▽

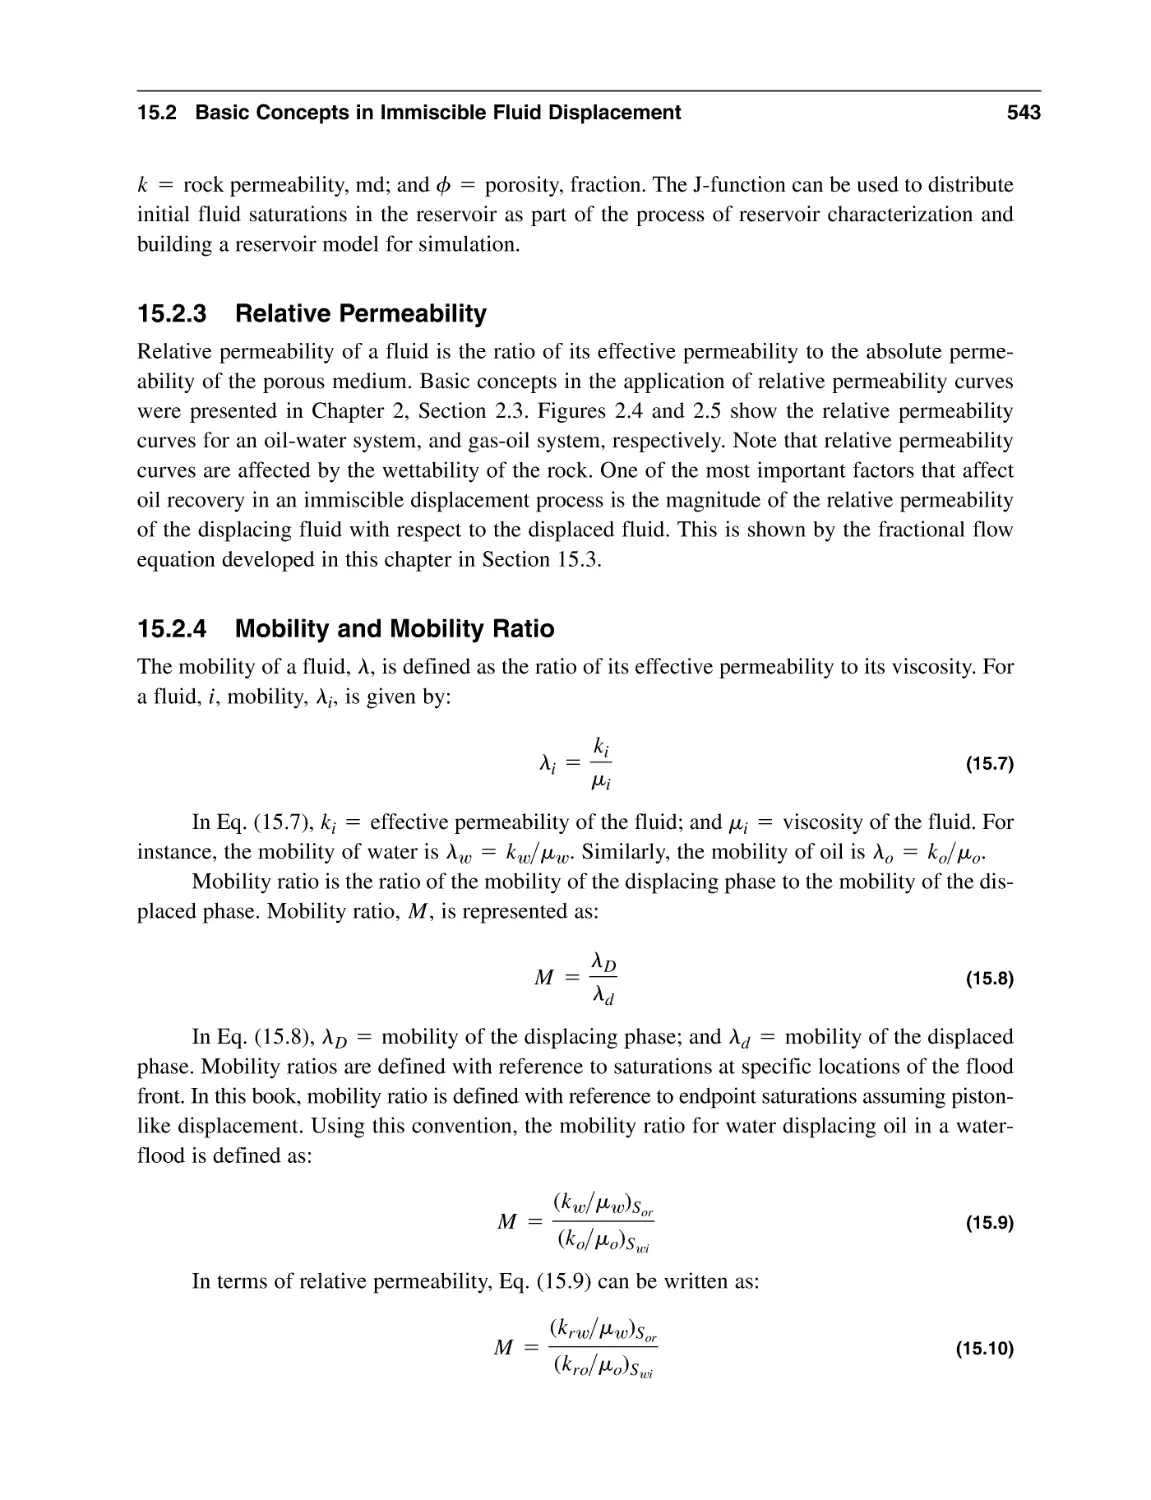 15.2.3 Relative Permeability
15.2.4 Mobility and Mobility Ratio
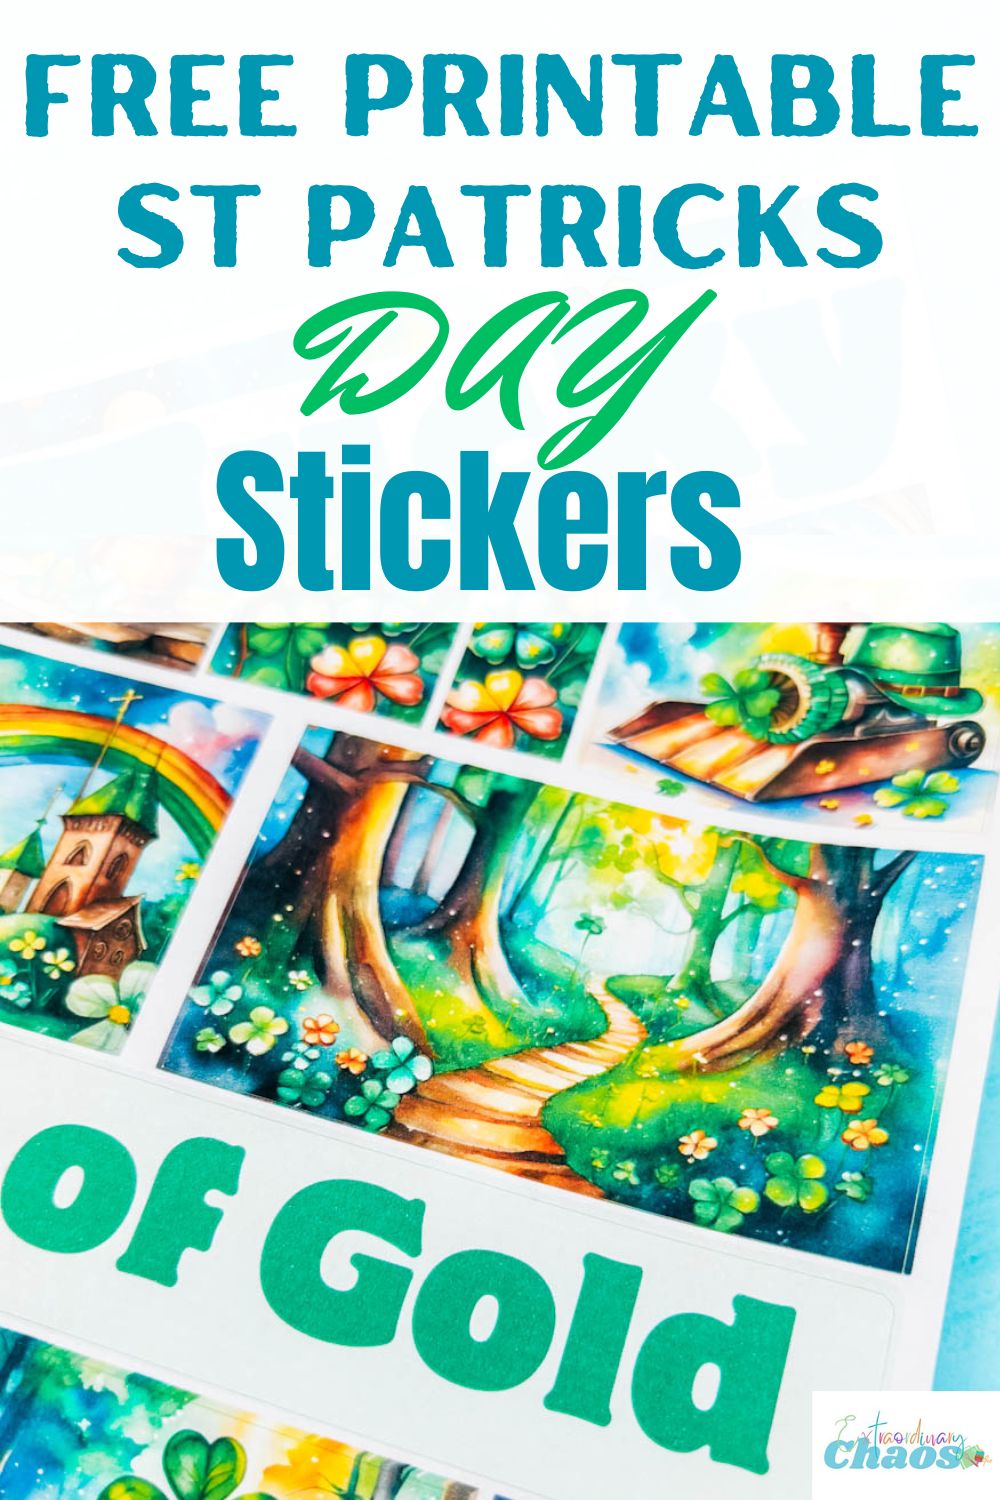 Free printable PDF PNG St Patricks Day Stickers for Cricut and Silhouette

△

DESCRIPTION OF THE TASK -> Write out exactly, and only, the lines from the line holding "15.2.4 Mobility and Mobility Ratio" through the end of the data, inclusive, without any pictures.

RESULT FOR THIS TASK ->
15.2.4 Mobility and Mobility Ratio
 Free printable PDF PNG St Patricks Day Stickers for Cricut and Silhouette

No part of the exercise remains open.